Patients with a reasonably high risk of a dangerous diagnosis don’t belong in UC, but that doesn’t mean that such patients never show up at our doorstep. In assessing which patients with high-risk complaints require immediate referral to the ED, vital signs represent the most valuable objective data readily available. If the patient is stable, we have some time to gather more information. If they’re not, we need to get them out right away.
Checking for trends in vitals represents a simple tool with the most potential for quickly differentiating emergent and non-emergent presentations. In a stable patient, abnormal vital signs should improve when repeated. This is actually the definition of clinically stable. I often hear the phrase “vitals are stable” used to describe patients when only a single set of vitals has been taken. But stability cannot be determined with fewer than two data points.
Imagine an asthmatic presents with shortness of breath and wheezing, for example.
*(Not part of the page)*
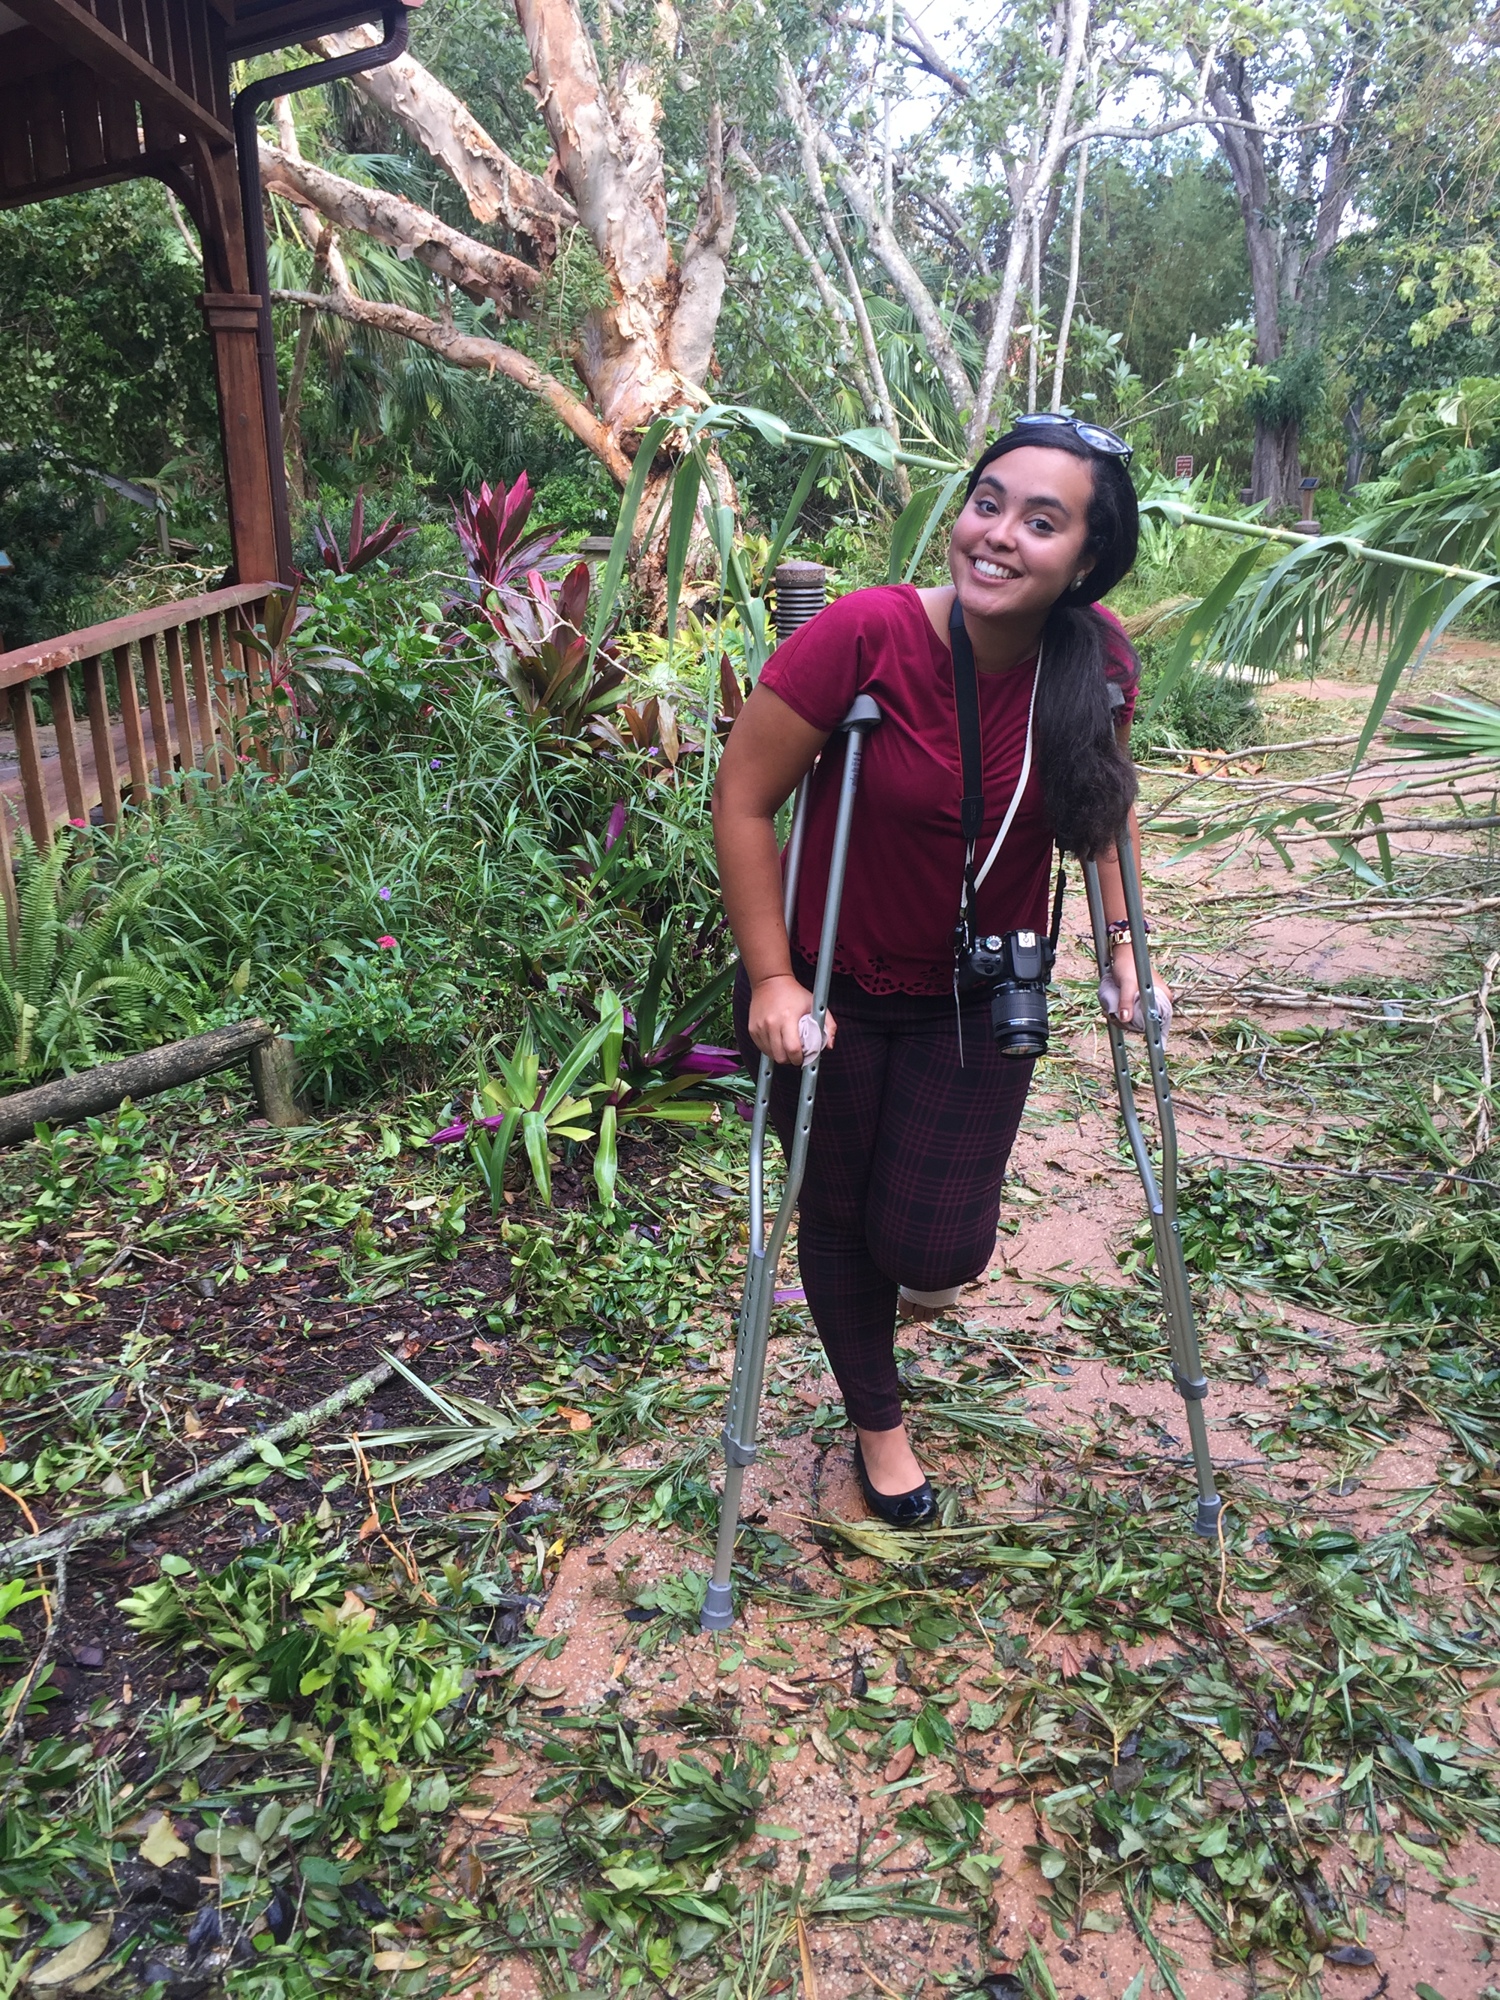 Taking photos of Hurricane Irma's impact on the Ormond Memorial Art Museum gardens on crutches, just three days after my injury.

If their respiratory rate improves from 36 to 20 with a nebulizer treatment, you can feel reassured that they probably have a mild (and UC-manageable) asthma exacerbation. But if the respiratory rate, oxygen saturation, and/or heart rate worsen, then they are unstable, by definition, and dangerous conditions such as pulmonary embolism or heart failure warrant further consideration.
Identifying unstable patients is an essential skill for ensuring patient safety in UC because we can’t definitively care for such patients. If there’s a hint that a patient is at risk of short-term decompensation, our priorities must immediately shift away from making a provisional diagnosis toward supporting the patient until they can get to the local ED. Unstable patients almost always need more resources than we have to offer.
Urgent care is an ideal setting for taking care of most stable patients with acute issues. But for patients with abnormal vital signs and higher-risk scenarios, it’s worthwhile to make sure the situation is truly stable and that the patient is in the right place to get care. The good news is that it doesn’t take much to make sure of this. We just need to pay attention to abnormal vitals, use the basic tools we have, and take just a little extra time to ensure things aren’t going in the wrong direction.
REFERENCES
- Chang CY, Abujaber S, Pany MJ, Obermeyer Z. Are vital sign abnormalities associated with poor outcomes after emergency department discharge? Acute Med. 2019;18(2):88-95.
- Quinten VM, van Meurs M, Olgers TJ, et al. Repeated vital sign measurements in the emergency department predict patient deterioration within 72 hours: a prospective observational study. Scand J Trauma Resusc Emerg Med. 2018;26(1):57.
- Gabayan GZ, Gould MK, Weiss RE, et al. Emergency department vital signs and outcomes after discharge. Acad Emerg Med. 2017;24(7):846-854.